Chen Lisa Wen-Yu, Chao Yin-Kai, Wong Allen Wei-Jiat, Chen Po-Huang, Lee Chin-Pang, Chang Kuo-Hsuan, Illias Amina, Cheng Chuan, Pang See-Tong, Chen Dong-Yi, Sung Cheyenne Wei-Hsuan, Huang Jung-Ju, Lu Johnny Chuieng-Yi, Chuang David Chwei-Chin, Chang Tommy Nai-Jen

机构信息

Division of Reconstructive Microsurgery, Department of Plastic and Reconstructive Surgery, Chang Gung Memorial Hospital-Linkou, Chang Gung University, No. 5, Fu-Hsing St. Kwei-Shan, Taoyuan, Taiwan.
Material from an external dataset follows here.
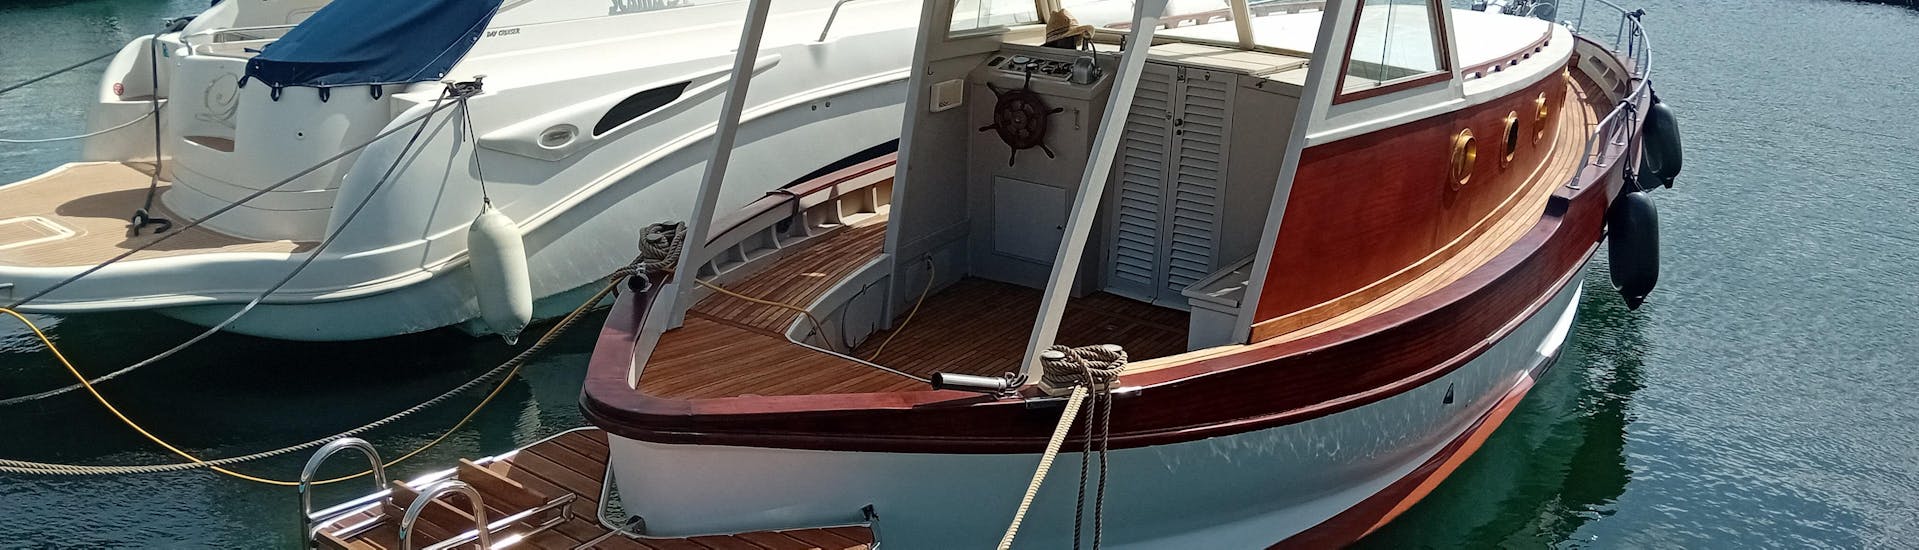 La barca usata da Mare Aperto Cefalù durante le gite.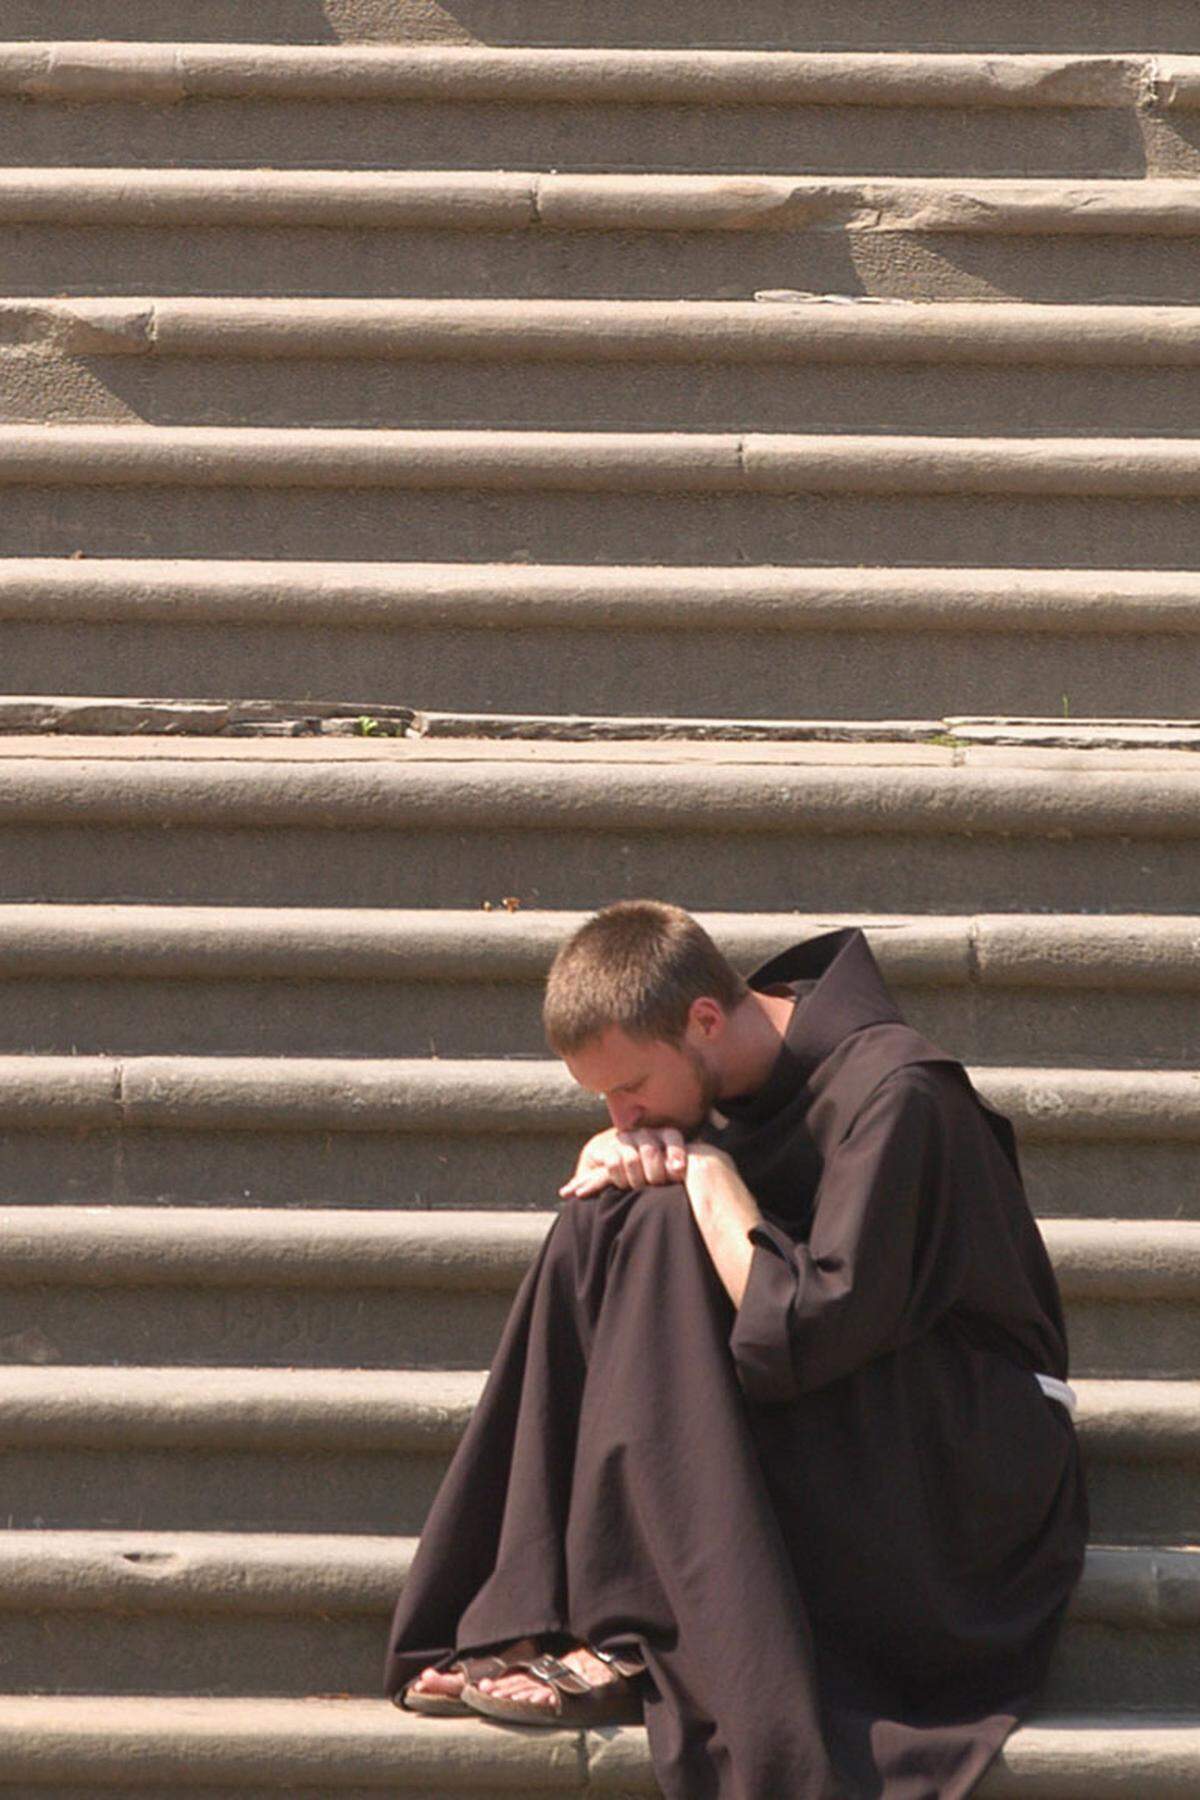 Ein anderer Mythos sieht die Schulstunde durch den Katholizismus begründet: Mönche hätten den Unterricht ihrer Schüler alle 50 Minuten unterbrochen, um zu beten.

Division of Thoracic Surgery, Chang Gung Memorial Hospital-Linkou, Chang Gung University, Taoyuan, Taiwan.

出版信息

J Robot Surg. 2025 Jun 30;19(1):337. doi: 10.1007/s11701-025-02449-4.

Abstract

Endoscopic thoracic sympathectomy (ETS) is widely used to treat primary hyperhidrosis; however, compensatory sweating (CS) has emerged as a significant complication. Various surgical approaches for managing CS have evolved over the past 4 decades, yet their development and outcomes remain poorly documented. This study aims to examine the historical evolution and advances in techniques for reconstruction of the thoracic sympathetic trunk. A review was conducted using PubMed, Embase, and the Cochrane library, focusing on currently published studies related to the reversal surgery of thoracic sympathectomy. Eligible studies included animal model and clinical studies, and a comprehensive comparison was conducted among different surgical techniques, clinical results, and complications. Twenty-three studies (3 experimental models and 20 clinical reports; 192 cases) demonstrated three distinct eras: open thoracotomy (1980-2003), video-assisted thoracoscopic surgery (2003-2015), and robotic-assisted reconstruction (2016-present). Different techniques showed varying success rates: unclipping (0-89%), direct reconstruction with nerve grafting (36.8-100%), and intercostal nerve bypass (0-93.4%). Among the documented cases, the reported CS improvement rates were highest for direct sympathetic trunk reconstruction with free nerve grafting. Complications were generally mild, including temporary chest wall neuralgia (2.6%), bleeding (1%), and Horner syndrome/temporary blepharoptosis (1.5%). This first comprehensive review demonstrates that sympathetic trunk reconstruction has evolved from an experimental procedure to a viable option for severe CS. Although robotic assistance has enhanced surgical precision, successful outcomes depend primarily on fundamental microsurgical principles, particularly precise nerve coaptation and the proper identification of healthy nerve stumps.

摘要

内镜胸交感神经切断术(ETS)被广泛用于治疗原发性多汗症;然而,代偿性出汗(CS)已成为一种严重的并发症。在过去40年中,出现了各种治疗CS的手术方法,但其发展和结果的记录仍然很少。本研究旨在探讨胸交感神经干重建技术的历史演变和进展。使用PubMed、Embase和Cochrane图书馆进行了一项综述,重点关注目前发表的与胸交感神经切断术逆转手术相关的研究。符合条件的研究包括动物模型和临床研究,并对不同的手术技术、临床结果和并发症进行了全面比较。23项研究(3个实验模型和20份临床报告;192例)展示了三个不同的时代:开胸手术(1980 - 2003年)、电视辅助胸腔镜手术(2003 - 2015年)和机器人辅助重建(2016年至今)。不同技术显示出不同的成功率:解除夹闭(0 - 89%)、神经移植直接重建(36.8 - 100%)和肋间神经搭桥(0 - 93.4%)。在记录的病例中,游离神经移植直接重建胸交感神经干的CS改善率报告最高。并发症一般较轻,包括暂时性胸壁神经痛(2.6%)、出血(1%)和霍纳综合征/暂时性上睑下垂(1.5%)。这篇首次全面综述表明,交感神经干重建已从一种实验性手术发展成为治疗严重CS的可行选择。尽管机器人辅助提高了手术精度,但成功的结果主要取决于基本的显微外科原则,特别是精确的神经对接和健康神经残端的正确识别。